Executing complex SQL queries against large datasets often poses a significant challenge in terms of performance, even when they leverage properly constructed indexes. This challenge becomes particularly pronounced when such queries include numerous conditions combined with the OR operator. These conditions, while necessary for the query logic, can drastically slow down execution times.

A minimalistic and professional abstract representation of SQL database optimization using unions.

In MailWizz, segments are a critical feature that often generate complex SQL queries. This complexity arises from the dynamic nature of user-defined conditions on subscribers' custom fields. These segments, while powerful and flexible, can lead to complex and demanding queries, especially when dealing with large datasets and a variety of user-specified conditions.

The example below shows a segment in MailWizz where we select subscribers matching following condition:

Email not ends with "@hotmail.com" OR Age is greater than 29 OR Country is Greece OR subscribers have opened an email in the last 360 days OR subscribers clicked an email in the last 360 days.

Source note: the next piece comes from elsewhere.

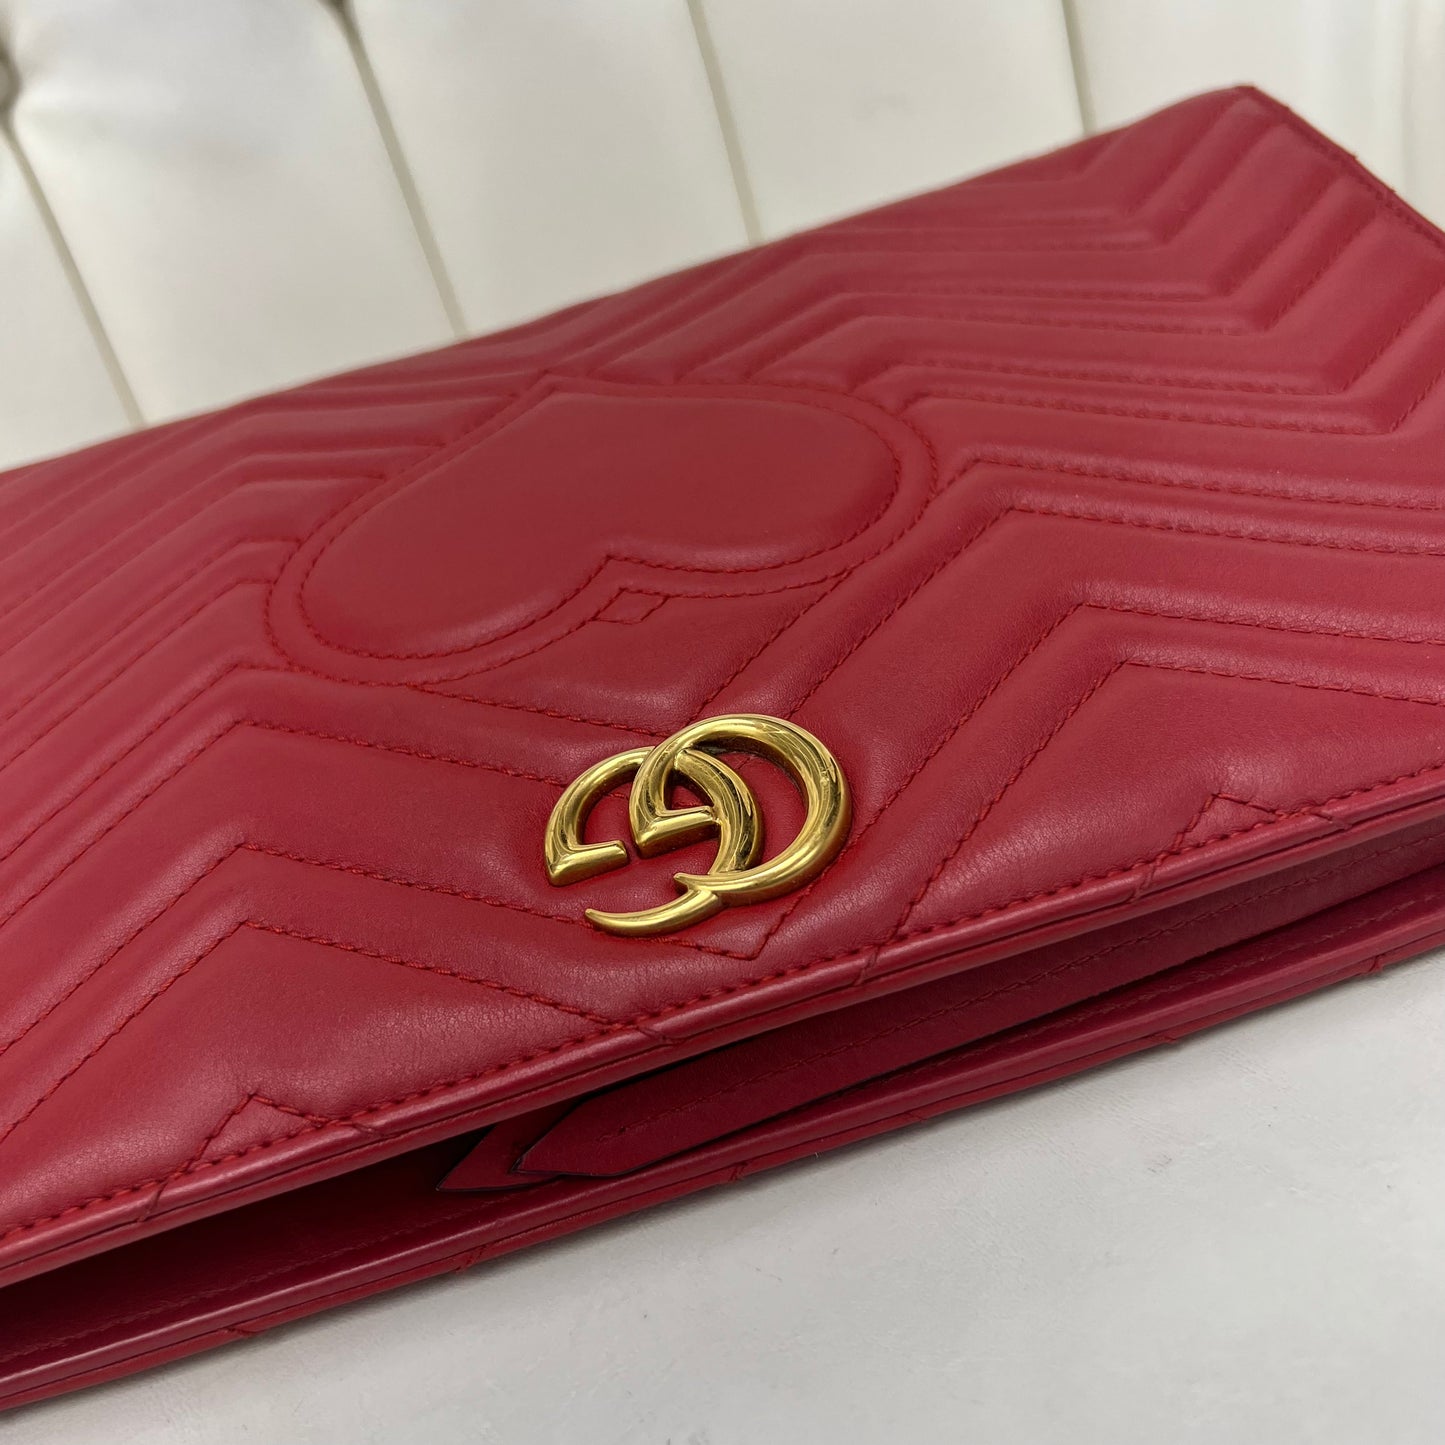 Gucci Red Marmont Clutch

We can also see in the bottom-left of the image, the number of subscribers matching this segment.
This is important for later comparison in our SQL queries.

Showing how a complex segment looks like in MailWizz, where the user apply various conditions to match against their subscribers

All SQL queries shown below are generated using Yii's ActiveRecord implementation, which might result a high number of parenthesis. We did our best to clean them up to make the examples more readable.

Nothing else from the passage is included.